→ **Aim of the task**
Report every line of the data where the string "Peso" appears.

━━ Input for this task ━━

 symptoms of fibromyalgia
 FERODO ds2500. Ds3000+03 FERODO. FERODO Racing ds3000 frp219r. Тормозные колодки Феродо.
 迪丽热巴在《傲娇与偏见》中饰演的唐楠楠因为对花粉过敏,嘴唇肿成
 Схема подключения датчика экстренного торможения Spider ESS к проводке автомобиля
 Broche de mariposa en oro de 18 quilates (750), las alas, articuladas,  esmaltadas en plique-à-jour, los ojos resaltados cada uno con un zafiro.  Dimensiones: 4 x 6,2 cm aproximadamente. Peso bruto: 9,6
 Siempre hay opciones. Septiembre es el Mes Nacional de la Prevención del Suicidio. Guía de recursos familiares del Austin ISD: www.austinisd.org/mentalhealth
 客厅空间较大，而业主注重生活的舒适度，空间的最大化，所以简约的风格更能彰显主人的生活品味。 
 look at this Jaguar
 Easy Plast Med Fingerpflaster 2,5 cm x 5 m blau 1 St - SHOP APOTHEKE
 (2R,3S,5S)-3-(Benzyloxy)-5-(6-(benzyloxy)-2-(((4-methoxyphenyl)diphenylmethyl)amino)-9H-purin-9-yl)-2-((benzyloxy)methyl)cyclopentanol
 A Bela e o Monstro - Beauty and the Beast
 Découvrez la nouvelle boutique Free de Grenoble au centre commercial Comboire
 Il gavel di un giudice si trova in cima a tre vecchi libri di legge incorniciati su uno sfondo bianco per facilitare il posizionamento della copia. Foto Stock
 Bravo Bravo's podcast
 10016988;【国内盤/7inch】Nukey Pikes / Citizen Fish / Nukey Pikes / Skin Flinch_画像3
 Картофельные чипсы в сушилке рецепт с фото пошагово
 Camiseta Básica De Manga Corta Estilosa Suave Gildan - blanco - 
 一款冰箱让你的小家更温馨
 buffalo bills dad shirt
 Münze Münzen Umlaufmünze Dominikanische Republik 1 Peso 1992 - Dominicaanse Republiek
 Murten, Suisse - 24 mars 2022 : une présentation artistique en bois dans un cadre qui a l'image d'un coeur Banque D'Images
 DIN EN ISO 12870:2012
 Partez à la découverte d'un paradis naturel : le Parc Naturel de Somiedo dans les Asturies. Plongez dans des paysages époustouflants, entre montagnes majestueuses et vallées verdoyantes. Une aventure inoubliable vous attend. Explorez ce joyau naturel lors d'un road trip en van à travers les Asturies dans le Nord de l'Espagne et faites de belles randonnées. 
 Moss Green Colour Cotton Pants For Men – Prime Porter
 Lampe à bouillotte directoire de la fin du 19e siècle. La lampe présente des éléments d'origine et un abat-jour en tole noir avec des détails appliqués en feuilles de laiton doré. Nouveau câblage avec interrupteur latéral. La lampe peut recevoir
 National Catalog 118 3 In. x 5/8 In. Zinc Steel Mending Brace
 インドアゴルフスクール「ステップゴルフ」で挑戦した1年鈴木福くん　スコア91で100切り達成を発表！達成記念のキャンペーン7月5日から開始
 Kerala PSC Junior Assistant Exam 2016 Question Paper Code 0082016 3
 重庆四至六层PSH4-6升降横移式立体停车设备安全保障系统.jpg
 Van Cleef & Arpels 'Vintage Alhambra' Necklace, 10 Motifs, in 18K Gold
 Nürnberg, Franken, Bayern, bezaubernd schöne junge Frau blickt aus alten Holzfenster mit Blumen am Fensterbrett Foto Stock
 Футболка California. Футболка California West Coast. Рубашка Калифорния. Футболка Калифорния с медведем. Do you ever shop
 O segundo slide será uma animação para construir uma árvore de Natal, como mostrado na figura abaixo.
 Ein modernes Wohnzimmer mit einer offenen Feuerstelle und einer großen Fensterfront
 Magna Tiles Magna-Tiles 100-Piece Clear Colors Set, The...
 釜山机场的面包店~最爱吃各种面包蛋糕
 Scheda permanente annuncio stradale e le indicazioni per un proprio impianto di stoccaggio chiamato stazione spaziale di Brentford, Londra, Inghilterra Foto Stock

━━━

→ **Response box**
 Broche de mariposa en oro de 18 quilates (750), las alas, articuladas,  esmaltadas en plique-à-jour, los ojos resaltados cada uno con un zafiro.  Dimensiones: 4 x 6,2 cm aproximadamente. Peso bruto: 9,6
 Münze Münzen Umlaufmünze Dominikanische Republik 1 Peso 1992 - Dominicaanse Republiek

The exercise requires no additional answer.